REQUIRED WORK:
For the entries below, report every line that includes the word "blue".

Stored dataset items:
##############################
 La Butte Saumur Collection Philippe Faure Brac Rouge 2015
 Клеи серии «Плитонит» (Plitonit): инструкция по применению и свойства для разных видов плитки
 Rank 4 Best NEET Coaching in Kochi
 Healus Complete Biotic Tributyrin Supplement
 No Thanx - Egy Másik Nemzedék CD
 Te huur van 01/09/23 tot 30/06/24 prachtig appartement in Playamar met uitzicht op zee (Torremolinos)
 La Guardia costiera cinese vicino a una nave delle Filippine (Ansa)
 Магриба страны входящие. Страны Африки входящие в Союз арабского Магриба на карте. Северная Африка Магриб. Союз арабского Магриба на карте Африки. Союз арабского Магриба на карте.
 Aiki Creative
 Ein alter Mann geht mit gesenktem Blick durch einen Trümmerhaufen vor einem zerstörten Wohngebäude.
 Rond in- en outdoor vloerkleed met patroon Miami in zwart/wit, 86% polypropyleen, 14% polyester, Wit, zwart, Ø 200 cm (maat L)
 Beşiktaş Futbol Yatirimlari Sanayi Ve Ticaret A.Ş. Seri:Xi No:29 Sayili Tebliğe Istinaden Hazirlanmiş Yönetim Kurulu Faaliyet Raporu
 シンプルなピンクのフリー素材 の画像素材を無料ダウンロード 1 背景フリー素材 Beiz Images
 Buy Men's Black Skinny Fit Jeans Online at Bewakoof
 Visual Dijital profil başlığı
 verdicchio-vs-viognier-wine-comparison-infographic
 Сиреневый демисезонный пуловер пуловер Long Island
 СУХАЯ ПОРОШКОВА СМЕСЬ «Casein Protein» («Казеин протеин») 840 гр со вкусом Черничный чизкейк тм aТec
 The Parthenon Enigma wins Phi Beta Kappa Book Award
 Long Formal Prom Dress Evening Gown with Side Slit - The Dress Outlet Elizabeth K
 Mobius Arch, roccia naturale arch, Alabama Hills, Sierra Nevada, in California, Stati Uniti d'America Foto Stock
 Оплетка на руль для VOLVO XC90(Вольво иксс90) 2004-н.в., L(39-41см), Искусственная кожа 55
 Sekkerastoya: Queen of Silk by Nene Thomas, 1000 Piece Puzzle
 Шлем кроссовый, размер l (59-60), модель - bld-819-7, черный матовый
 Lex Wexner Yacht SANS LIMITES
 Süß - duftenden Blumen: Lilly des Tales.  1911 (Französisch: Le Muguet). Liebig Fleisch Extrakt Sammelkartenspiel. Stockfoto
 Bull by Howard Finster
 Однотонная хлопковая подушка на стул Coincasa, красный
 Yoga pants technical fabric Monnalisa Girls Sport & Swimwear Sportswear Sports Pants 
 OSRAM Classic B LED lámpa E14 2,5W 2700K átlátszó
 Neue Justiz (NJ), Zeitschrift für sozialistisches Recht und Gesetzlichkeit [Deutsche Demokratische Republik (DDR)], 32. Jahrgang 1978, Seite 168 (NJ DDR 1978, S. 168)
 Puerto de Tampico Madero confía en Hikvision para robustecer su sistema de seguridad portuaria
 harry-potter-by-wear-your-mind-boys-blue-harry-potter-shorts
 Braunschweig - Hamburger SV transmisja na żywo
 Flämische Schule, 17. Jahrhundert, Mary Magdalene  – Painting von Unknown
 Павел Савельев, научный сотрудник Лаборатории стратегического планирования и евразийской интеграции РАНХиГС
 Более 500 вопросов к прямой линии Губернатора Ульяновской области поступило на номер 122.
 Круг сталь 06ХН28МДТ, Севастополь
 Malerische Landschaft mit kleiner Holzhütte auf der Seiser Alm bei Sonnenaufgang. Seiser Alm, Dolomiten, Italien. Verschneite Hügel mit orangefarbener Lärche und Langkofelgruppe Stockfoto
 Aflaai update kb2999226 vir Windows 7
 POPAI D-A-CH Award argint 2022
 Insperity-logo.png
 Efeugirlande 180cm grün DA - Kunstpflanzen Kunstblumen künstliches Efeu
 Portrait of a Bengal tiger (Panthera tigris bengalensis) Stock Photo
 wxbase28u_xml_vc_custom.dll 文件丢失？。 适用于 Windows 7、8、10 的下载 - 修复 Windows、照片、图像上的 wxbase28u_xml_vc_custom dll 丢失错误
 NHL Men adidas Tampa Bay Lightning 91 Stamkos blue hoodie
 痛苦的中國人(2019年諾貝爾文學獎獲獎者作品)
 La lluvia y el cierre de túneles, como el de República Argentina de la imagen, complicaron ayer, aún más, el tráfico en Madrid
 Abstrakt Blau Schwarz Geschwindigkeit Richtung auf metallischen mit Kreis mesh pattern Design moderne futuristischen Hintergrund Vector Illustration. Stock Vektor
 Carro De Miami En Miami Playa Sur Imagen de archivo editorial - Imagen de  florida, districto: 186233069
##############################
WRITTEN RESPONSE:
 harry-potter-by-wear-your-mind-boys-blue-harry-potter-shorts
 NHL Men adidas Tampa Bay Lightning 91 Stamkos blue hoodie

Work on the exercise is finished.